108:30 — Is There an Accuracy-Simplicity Tradeoff in High-Stakes Decision Domains?

Finding optimal, sparse, accurate models of various forms (such as linear models with integer coefficients, rule lists, and decision trees) is generally NP-hard. Often, we do not know whether the search for a simpler model will be worthwhile, and thus we do not undertake the effort to find one. This talk addresses an important practical question: for which types of datasets would we expect interpretable models to perform as well as black-box models? I will present a mechanism of the data generation process, coupled with choices usually made by the analyst during the learning process, that leads to the existence of simpler-yet-accurate models. This mechanism indicates that such models exist in practice more often than one might expect. 
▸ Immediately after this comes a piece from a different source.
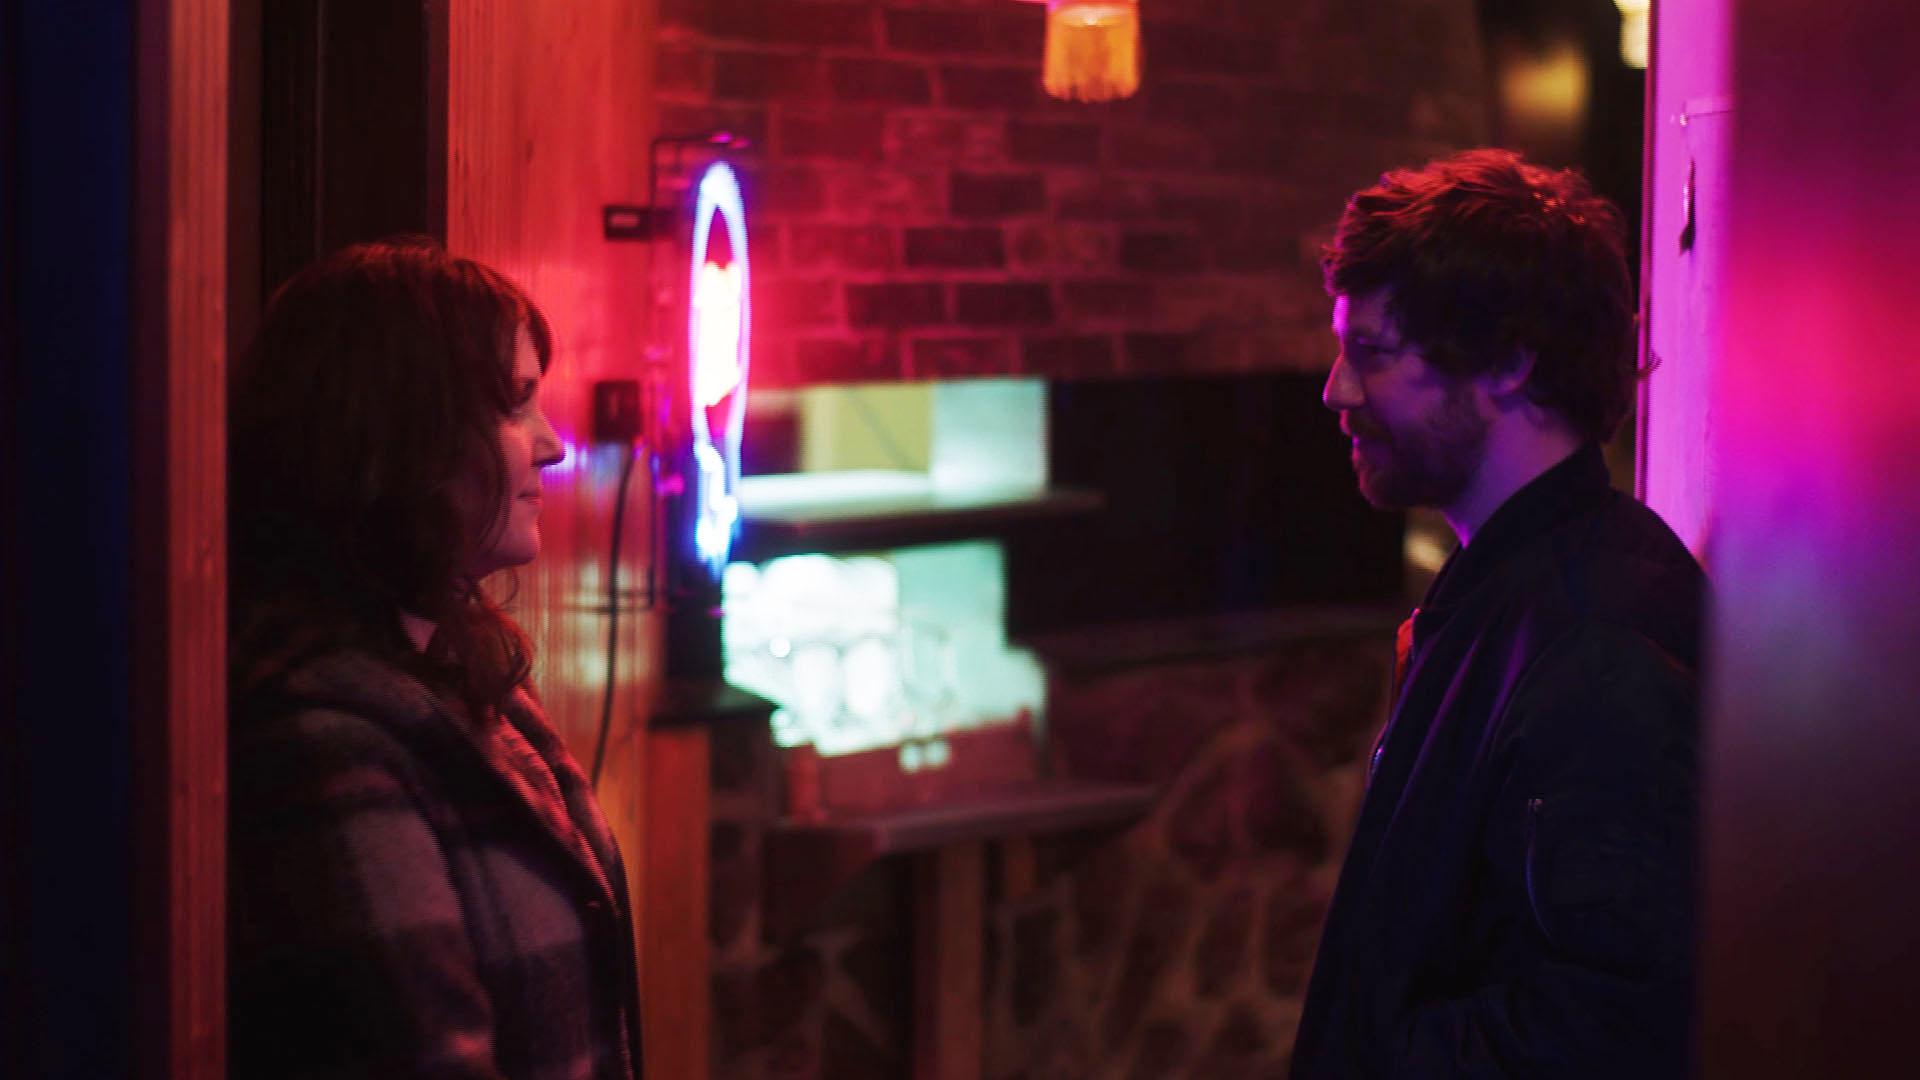 Melanie Lynskey as 'Rae' and John Gallagher, Jr. as 'Cyrus' in SADIE
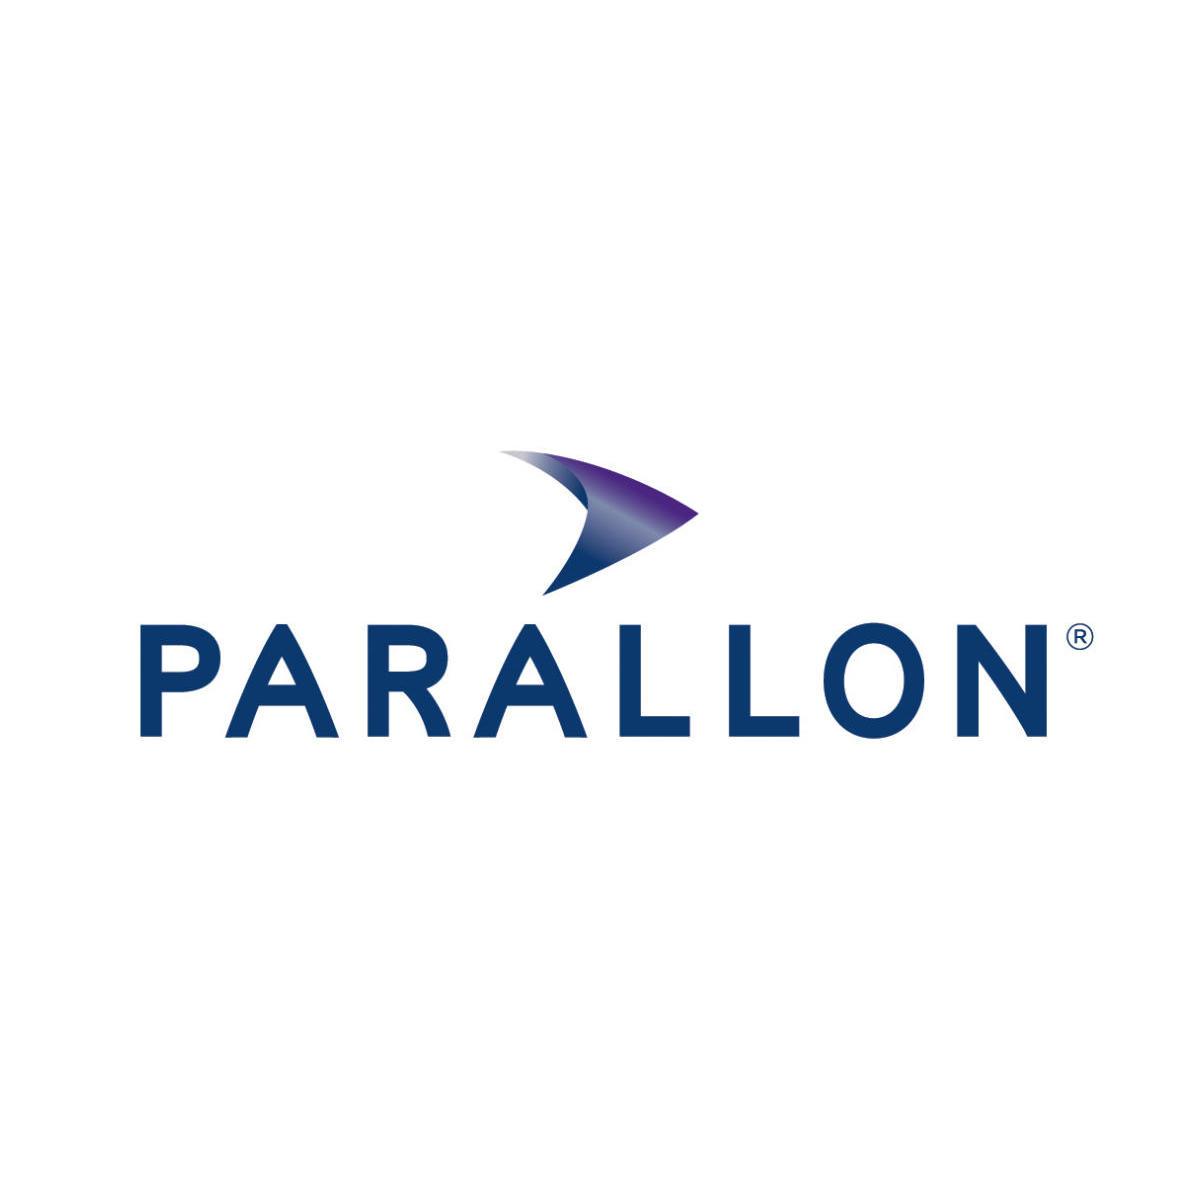 Parallon - Glastonbury Specialty Center

209:00 — Learning Interpretable and Fair Housing Allocation Policy for Individuals Experiencing Homelessness in Los Angeles

We consider the problem of learning an optimal, highly interpretable, and fair policy for allocating scarce housing resources to people experiencing homelessness in Los Angeles. Using administrative data from the Homeless Management Information System, we propose a way to create simple and actionable policies in the form of prescriptive trees that can satisfy arbitrary fairness constraints or other domain specific requirements that stakeholders care about. In the case of enforcing fairness in outcomes, our policies improve outcomes by up to 2.3\% and enhance fairness by up to 36.57\%. When enforcing fairness in allocation, we achieve up to a 2.3\% better outcome and increase fairness by up to 100\%, i.e., eliminating all the discrimination. This paper is based on an ongoing collaboration with the Los Angeles Homeless Services Authority (LAHSA).

309:30 — The Measure and Mismeasure of Fairness

The field of fair machine learning aims to ensure that decisions guided by algorithms are equitable. Over the last decade, several formal, mathematical definitions of fairness have gained prominence. Here we first assemble and categorize these definitions into two broad families: (1) those that constrain the effects of decisions on disparities; and (2) those that constrain the effects of legally protected characteristics, like race and gender, on decisions. We then show, analytically and empirically, that both families of definitions typically result in strongly Pareto dominated decision policies. For example, in the case of college admissions, adhering to popular formal conceptions of fairness would simultaneously result in lower student-body diversity and a less academically prepared class, relative to what one could achieve by explicitly tailoring admissions policies to achieve desired outcomes. In this sense, requiring that these fairness definitions hold can, perversely, harm the very groups they were designed to protect. In contrast to axiomatic notions of fairness, we argue that the equitable design of algorithms requires grappling with their context-specific consequences, akin to the equitable design of policy. We conclude by listing several open challenges in fair machine learning and offering strategies to ensure algorithms are better aligned with policy goals.

410:00 — f-FERM: Robust and Fair Empirical Risk Minimization via f-divergences

Training and deploying machine learning models that meet fairness criteria for protected groups are fundamental in modern artificial intelligence.
While numerous constraints and regularization terms have been proposed in the literature to promote fairness in machine learning tasks, most of these approaches are not amenable to stochastic optimization due to the complex and nonlinear structure of constraints and regularizers. Here, the term ``stochastic'' refers to the ability of the algorithm to work with small mini-batches of data. Motivated by the limitation of existing literature, we present a unified stochastic optimization framework for fair empirical risk minimization based on $f$-divergence measures ($f$-FERM). The proposed stochastic algorithm enjoys theoretical convergence guarantees. In addition, our experiments demonstrate the superiority of fairness-accuracy tradeoffs offered by $f$-FERM for almost all batch sizes (ranging from full-batch to batch size of one). Moreover, we show that our framework can be extended to the case where there is a distribution shift from training to the test data.
Our extension is based on a distributionally robust optimization reformulation of $f$-FERM objective under $\ell_p$ norms as uncertainty sets. Again, in this distributionally robust setting, $f$-FERM not only enjoys theoretical convergence guarantees but also outperforms other baselines in the literature in the tasks involving distribution shifts.